A decade into his career as a signed rapper and we’ve received a much wider array of music than we had in 2011. To hear a braggadocios song from back then would be intriguing and would fit the energy of what Cole suggests his and the team’s 2019 is going to be like. Maybe if we all come together and think about it at the same time?
‘Shock The World’ (With Kendrick Lamar) (Feat. BJ The Chicago Kid)
When we think of unreleased J. Cole and Kendrick Lamar music, ‘Temptation‘ is the true blue balls anthem. It’s the holy grail of ‘when will we get to hear ___?’ pleas. The full song is of course out in low quality and I can assure you that it gets plays every single day from at least one dreaming fan. But also lurking in the shadows is a song called ‘Shock The World’ which is by J. Cole and Kendrick Lamar, also featuring BJ The Chicago Kid. That’s one heck of a trio.

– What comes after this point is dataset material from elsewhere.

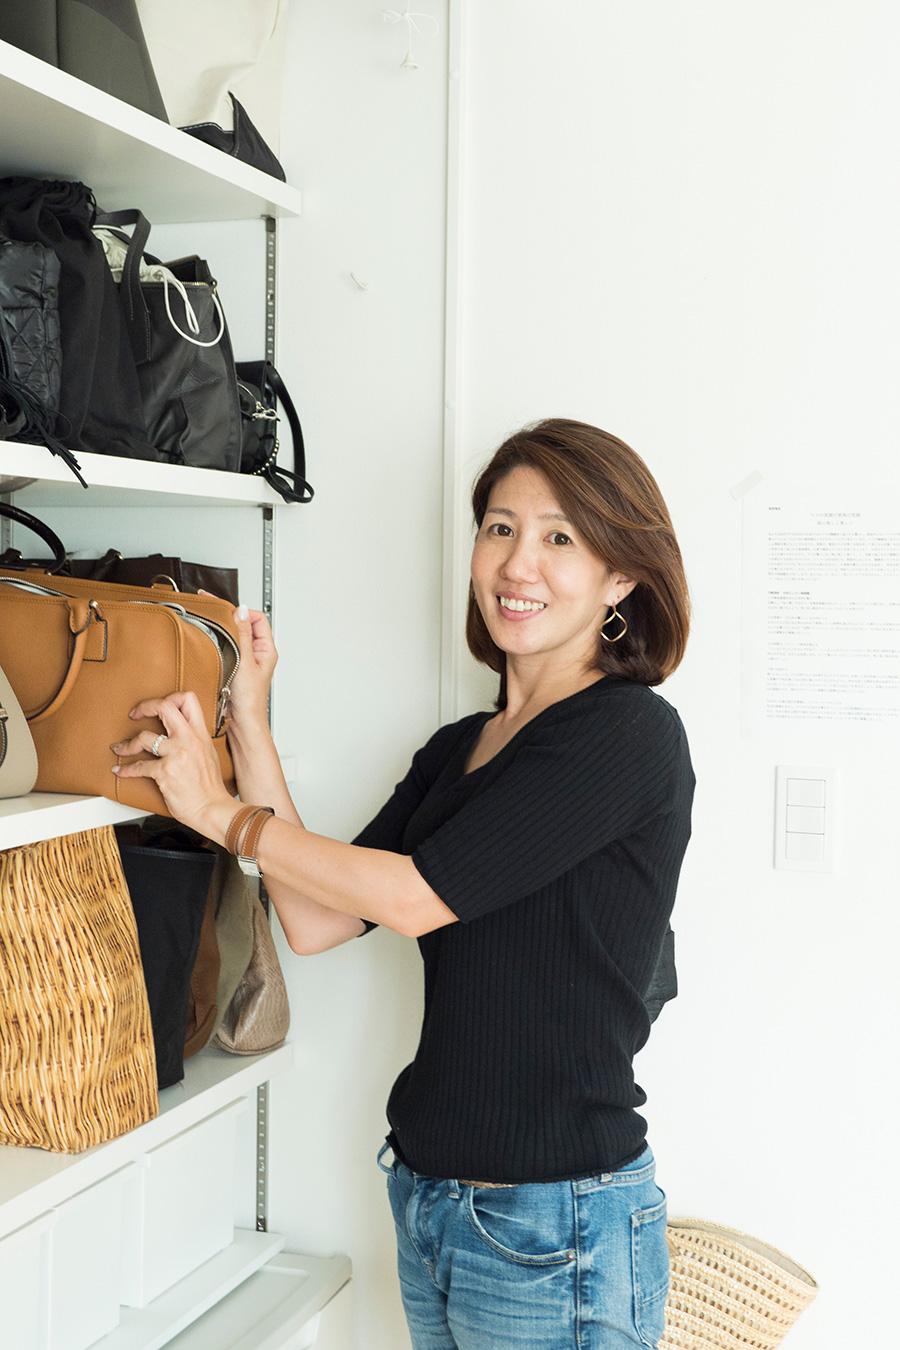 ライフオーガナイザー®森下敦子さん。片づけとともに心も整い始めた経験から、笑顔でいられる仕組みづくりをお手伝い。SMART STORAGE!所属。ブログも人気。

Much like ‘Temptation’, you can basically hear the entirety of ‘Shock The World’ on YouTube right now. This song truly embodies the hunger that both MCs exuded from the beginning of the decade. Before Kendrick and BJ’s chorus, Cole raps:
“My money running late though, so boy, I won’t front
When my paper finally make it you should know I’m gon’ stunt so hard”
At the time it was probably closer to home than either would have cared to admit but now, tens of millions of dollars later, it is a testament to how far the pair has come. As their career paths continue, it seems less and less likely by the year that we’ll ever hear a full length project from the duo. If they really wanted to shock the world, what they could do to fulfil the promise of yesteryear is put out the sessions they have over the years raw - unmastered and unmixed - as a celebration if nothing else.
I typed this with my fingers crossed.
‘Thotty’ (With Chance The Rapper)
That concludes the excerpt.